Their latest teaming, “Promised Land,” is arguably their weakest, a simplistic and conventional message film that wears its ideology and politics of its sleeves.
“Promised Land” boasts an original screenplay by Matt Damon and co-star John Krasinski (based on a story by Dave Eggers), but what they mean is that the tale was written directly for the screen and that it is not based on a previously published material, for there is not much by way of originality in this ecological tale that in its message recalls such films as “Ërin Brocovich,” and others, all superior and more entertaining than this outing.
On the surface, the plot sounds timely and relevant. Matt Damon plays Steve Butler, a corporate salesman whose journey from farm boy to big-time player takes an unexpected detour when he arrives in a small town.
You may wonder how did he get there and for what purpose?
It turns out Steve has been dispatched to the rural town of McKinley with his sales partner, Sue Thomason (Frances McDormand), when the place is hit hard by the economic crisis. The two shrewd sales executives see McKinley’s citizens as likely to accept their company’s offer for drilling rights to their properties, claiming it’s a much-needed relief that will benefit both sides.
As could be predicted, what seems like an easy job and a short stay for the professional duo becomes more complicated. First there is obstacle from the respected schoolteacher Frank Yates (Hal Holbrook), who feels there should be a serious community-wide consideration of the offer.

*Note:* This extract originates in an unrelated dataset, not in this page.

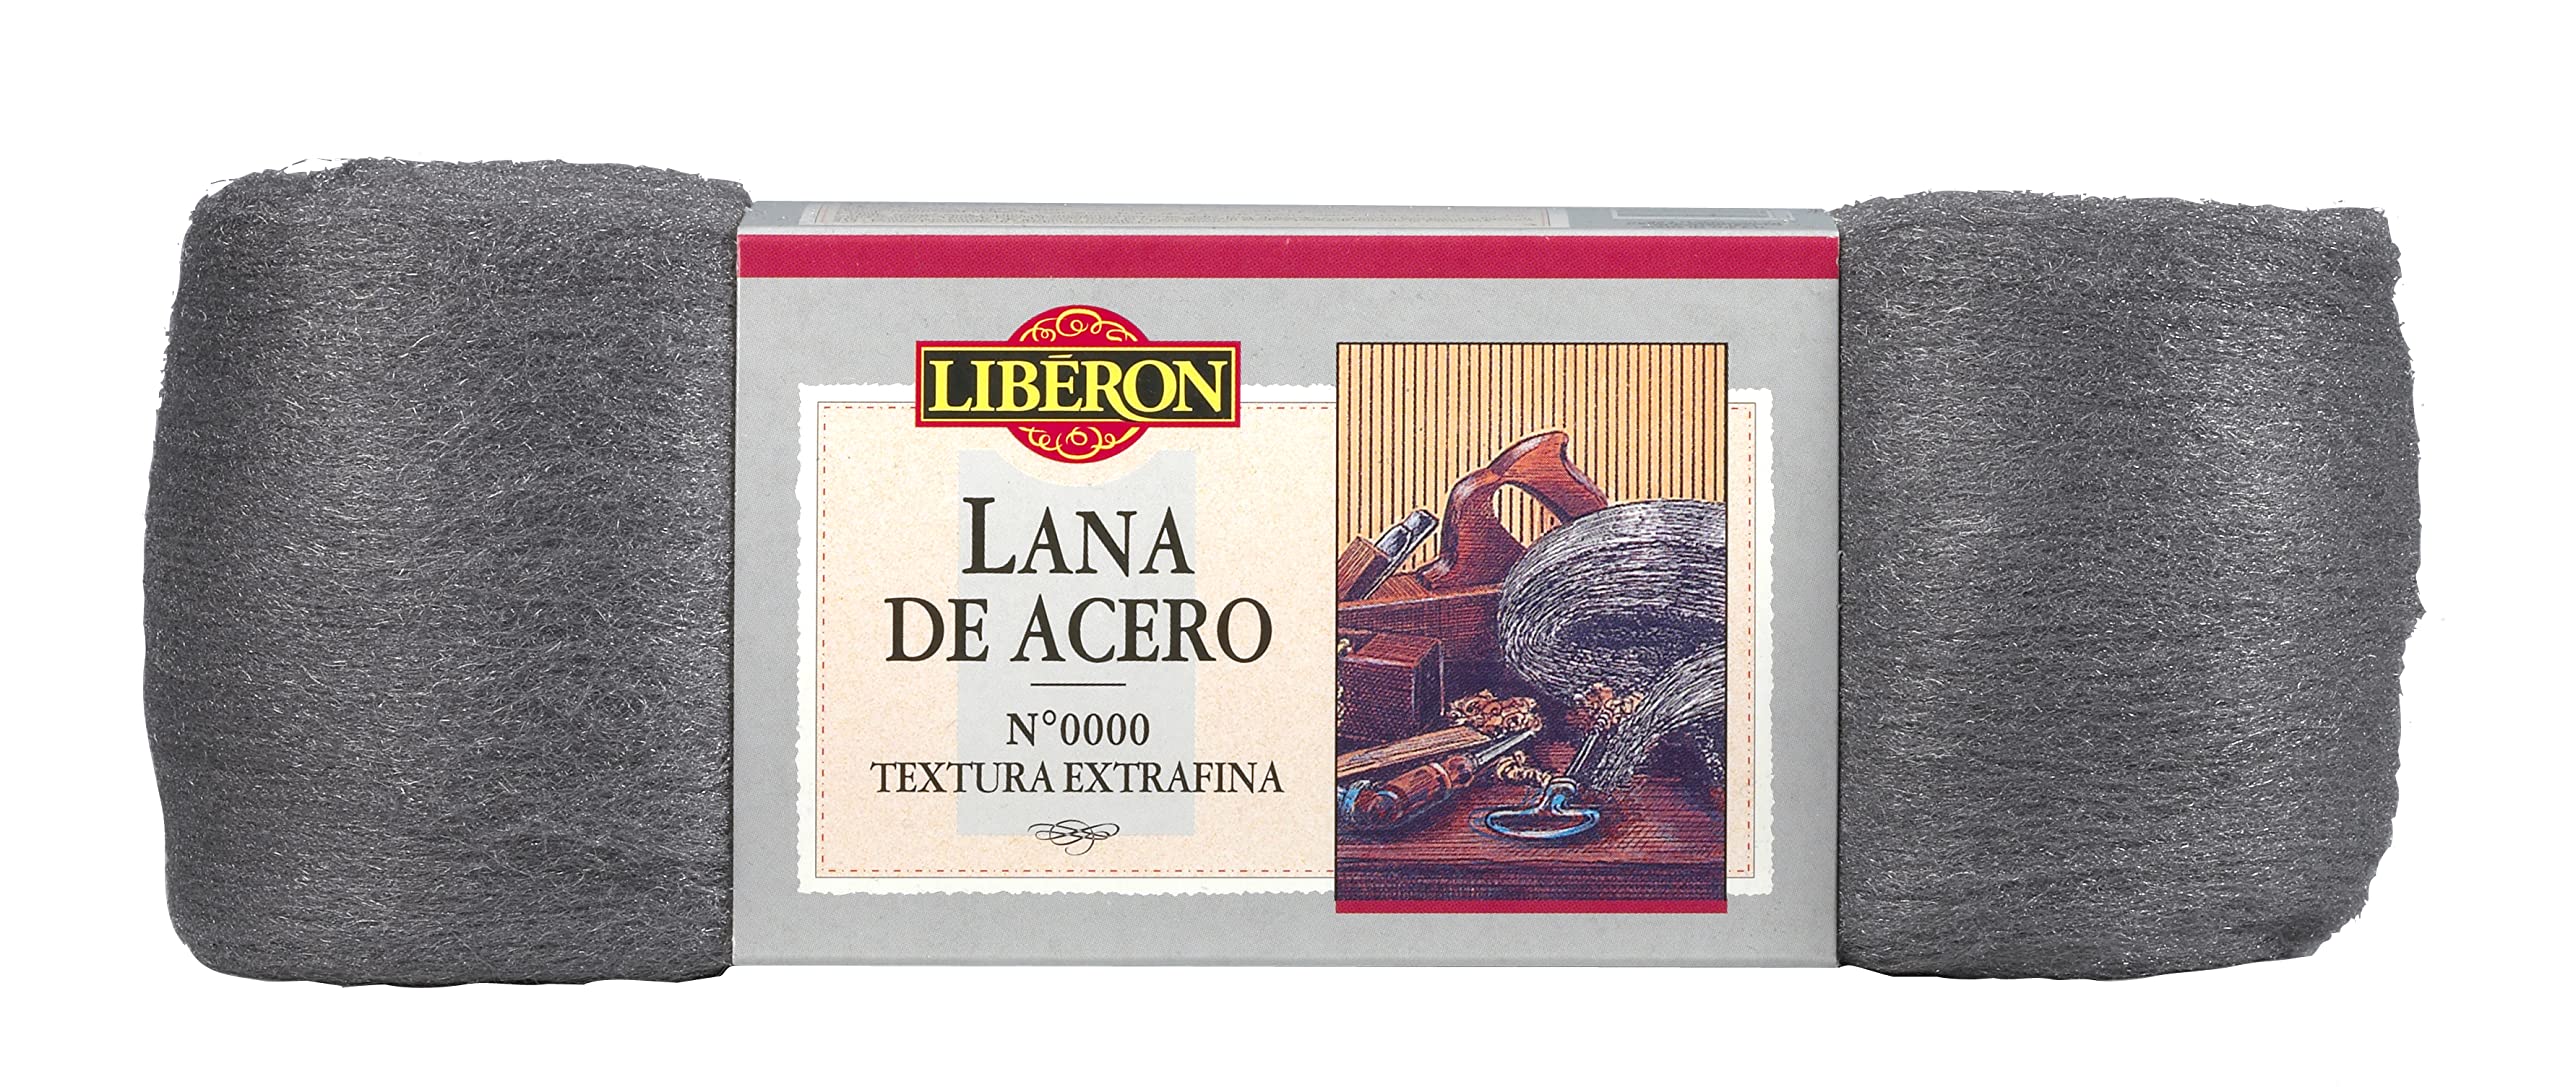 Liberon LANA DE ACERO 0000 1 KG, standard, 0.1, 004381

Then, there is an encounter between Steve and Alice (Rosemarie DeWitt), a grade school teacher, which evolves in unanticipated direction.
Things gets a bit more interesting dramatically, with the arrival of Dustin Noble (John Krasinski, tall handsome and smiling), a slick environmental activist, whose presence leads to both personal and professional tensions.
The filmmakers don't trust their material much (with good resons) and so the rivalry between the two men is not just ideological but personal too: They fall for the same woman, a schoolteacher (Rosemarie DeWitt, curcling around stardom).
“Promised land” is not sentimental, as it could have been, but it's also not as smart as it thinks it is.
At the end, the arguments of the town's people, proudly declaring their fondness and loyalty for their land, are compelling but also overfamiliar from numerous pictures made over tha past half a century.
It's hard to understand what Van Sant saw in this text, as it doesn't display his impressively idiosyncratic sensibility, or his eccentric visual imagery.